Hereinafter, embodiments of the present invention will be described in detail.
A nonaqueous electrolyte secondary battery which is an example of an embodiment of the present invention includes a positive electrode including a positive electrode active material, a negative electrode, and a nonaqueous electrolyte including a nonaqueous solvent. In addition, it is preferable to provide a separator between the positive electrode and the negative electrode. The nonaqueous electrolyte secondary battery has, for example, a structure in which an electrode body in which a positive electrode and a negative electrode are wound via a separator and a nonaqueous electrolyte are accommodated in an exterior body.

[Positive electrode]
The positive electrode includes, for example, a positive electrode current collector such as a metal foil and a positive electrode active material layer formed on the positive electrode current collector. As the positive electrode current collector, it is preferable to use a conductive thin film, particularly a metal foil or alloy foil that is stable in the potential range of the positive electrode such as aluminum, a film having a metal surface layer such as aluminum, and the like. The positive electrode active material layer preferably includes a conductive material and a binder in addition to the positive electrode active material.
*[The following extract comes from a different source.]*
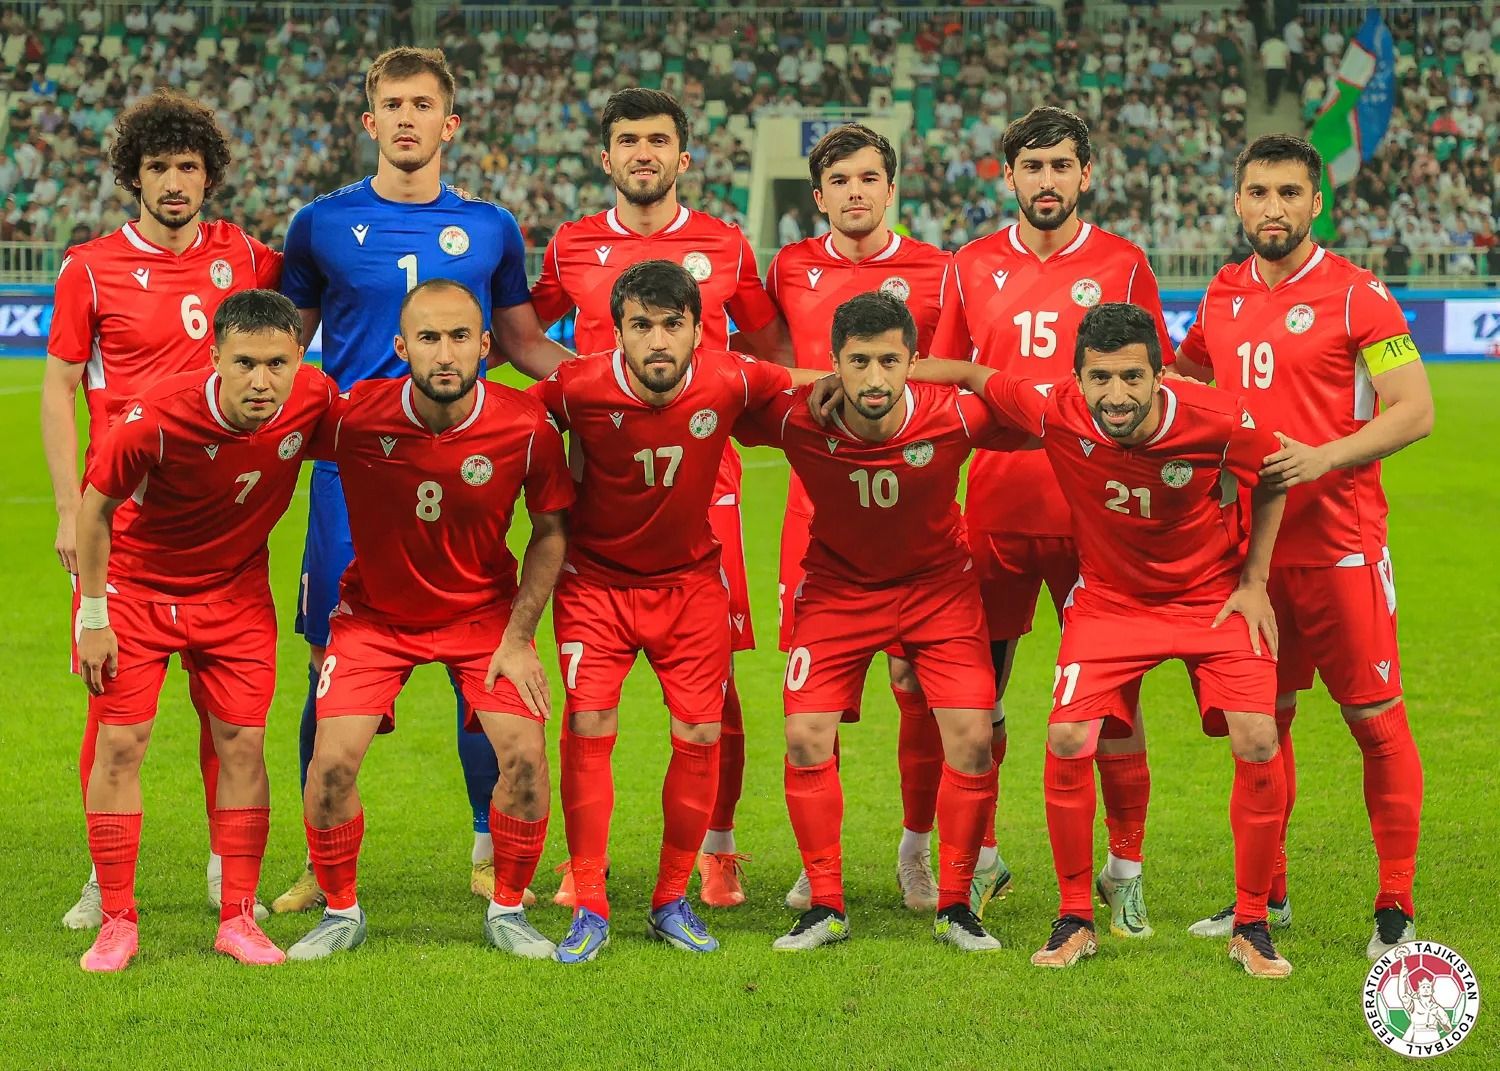 MMA Fighter Gaforov: If Goalkeeper Saves The Day, Tajikistan National Football Team Will Reach Asian Cup Semifinals

The positive electrode active material has a crystal structure belonging to the space group P6 ₃ mc and contains at least cobalt (Co), manganese (Mn), and nickel (Ni) in addition to lithium (Li). including. As will be described in detail later, the composition ratio (element ratio) of Co, Mn, and Ni is Co _α1 Mn _β1 Ni _(1-α1-β1) {0.7 ≦ α1 <1.0, 0 <β1 <0.3. However, 0.85 ≦ α1 + β1 <1.0}. Hereinafter, the lithium-containing transition metal oxide is referred to as “lithium-containing oxide A”.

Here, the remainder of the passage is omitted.